I think Jingsong is right. You miss a slash in your HDFS path.
Usually a HDFS path is like this "hdfs://nameservice/path/of/your/file".
And the nameservice could be omitted if you want to use the defaultFS
configured in the core-site.xml.
Best,
Yang
Jingsong Li <ji...@gmail.com> 于2020年3月20日周五 上午10:09写道:
> Hi Nick,
>
> You can try "new Path("hdfs:///tmp/auditlog/")". There is one additional /
> after hdfs://, which is a protocol name.
>
> Best,
> Jingsong Lee
>
> On Fri, Mar 20, 2020 at 3:13 AM Nick Bendtner <bu...@gmail.com> wrote:
>
>> Hi guys,
>> I am using flink version 1.7.2.
>> I am trying to write to hdfs sink from my flink job. I setup HADOOP_HOME.
>> Here is the debug log for this :
>>
>> 2020-03-19 18:59:34,316 DEBUG org.apache.flink.runtime.util.HadoopUtils - Cannot find hdfs-default configuration-file path in Flink config.
>> 2020-03-19 18:59:34,317 DEBUG org.apache.flink.runtime.util.HadoopUtils - Cannot find hdfs-site configuration-file path in Flink config.
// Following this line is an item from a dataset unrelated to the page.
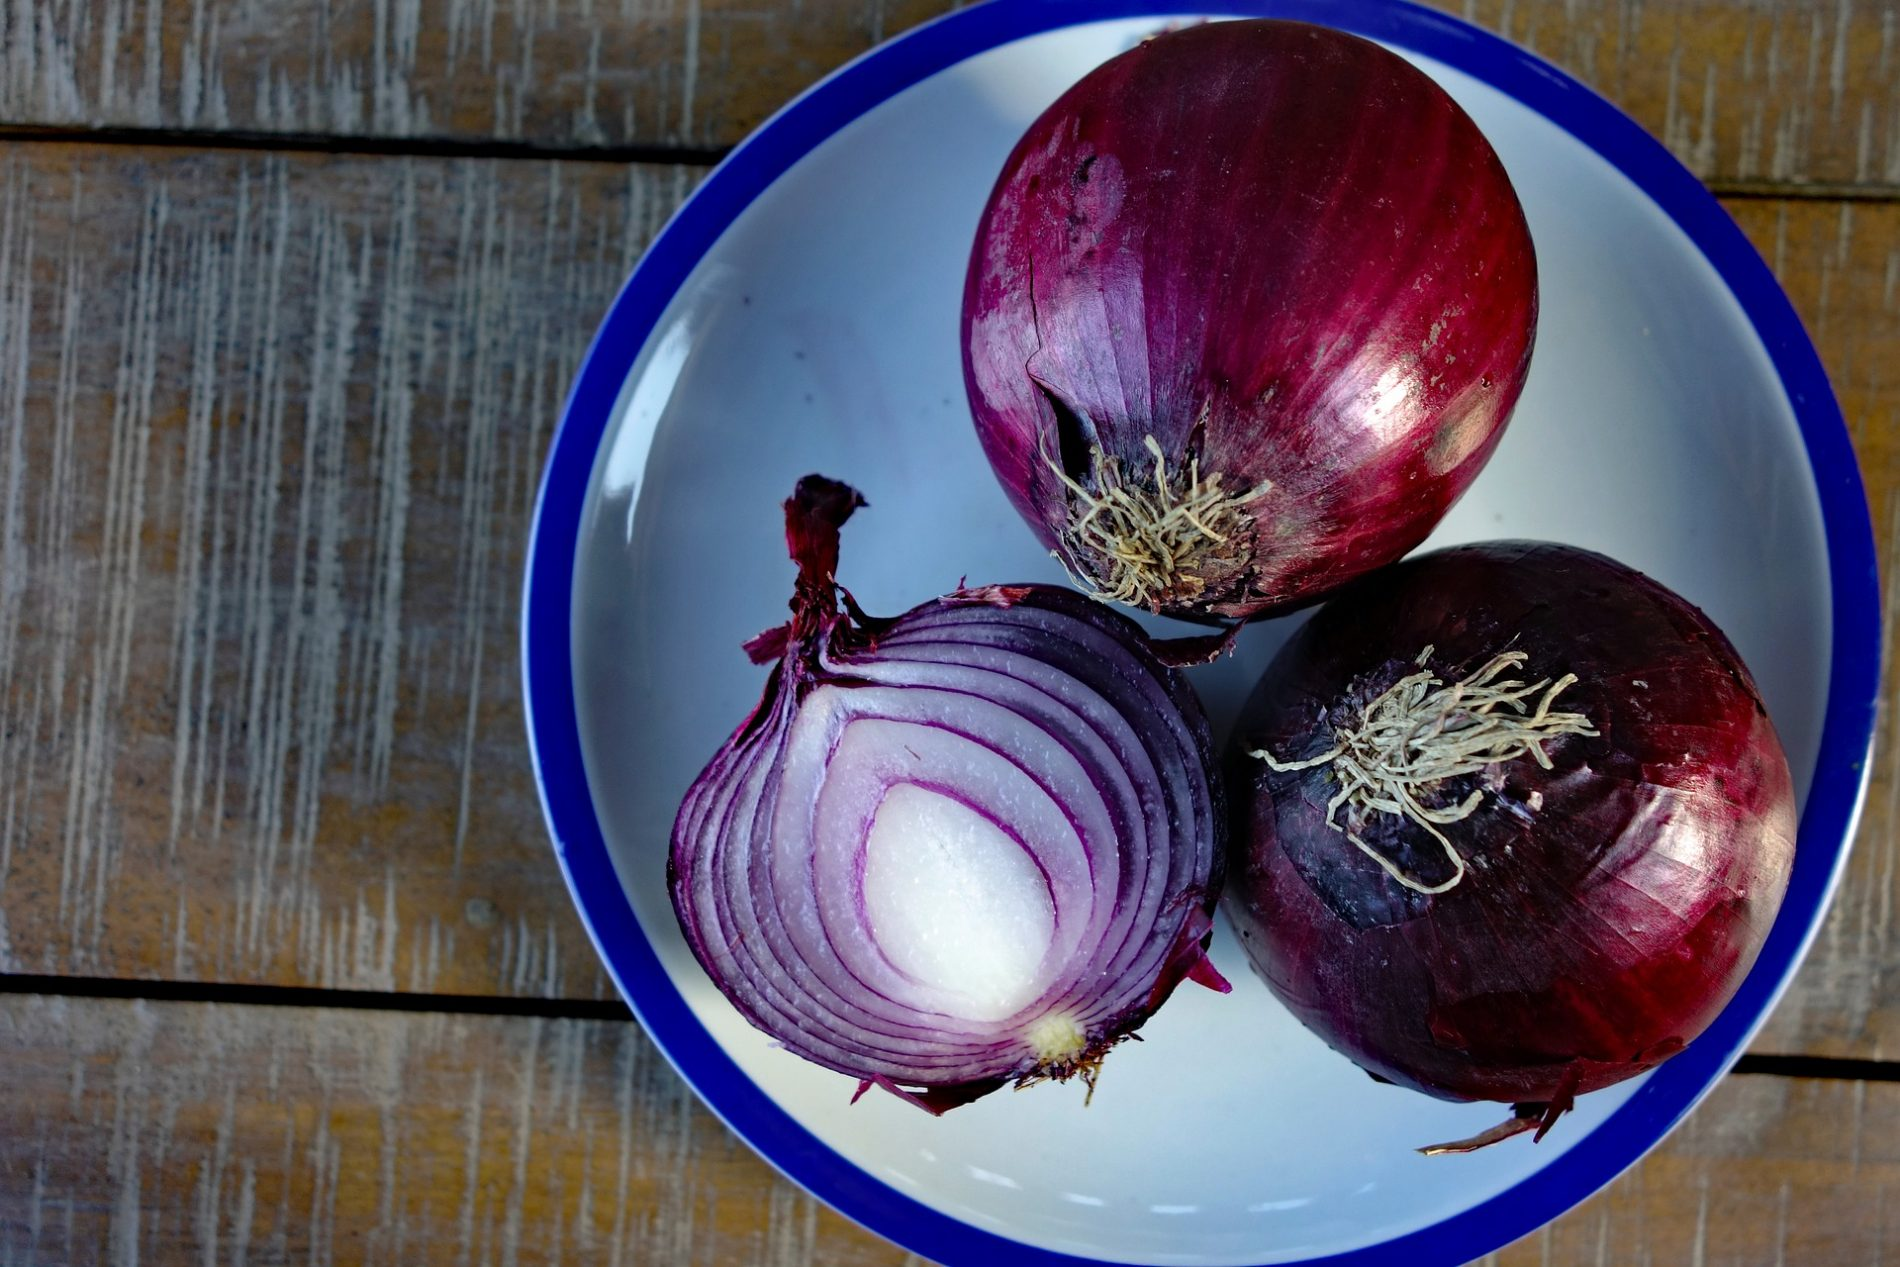 Saint-Trojan-Les-Bains / Saint Turjan onion

>> 2020-03-19 18:59:34,317 DEBUG org.apache.flink.runtime.util.HadoopUtils - Adding /home/was/HDFSConf/conf/core-site.xml to hadoop configuration
>> 2020-03-19 18:59:34,317 DEBUG org.apache.flink.runtime.util.HadoopUtils - Adding /home/was/HDFSConf/conf/hdfs-site.xml to hadoop configuration
>> 2020-03-19 18:59:34,344 INFO org.apache.flink.runtime.security.modules.HadoopModule - Hadoop user set to kafka (auth:KERBEROS)
>>
>>
>> This is what my streaming file sink code looks like.
>>
>>
>> val sink: StreamingFileSink[String] = StreamingFileSink
>> .forRowFormat(new Path("hdfs://tmp/auditlog/"), new SimpleStringEncoder[String]("UTF-8"))
>> .withRollingPolicy(DefaultRollingPolicy.create()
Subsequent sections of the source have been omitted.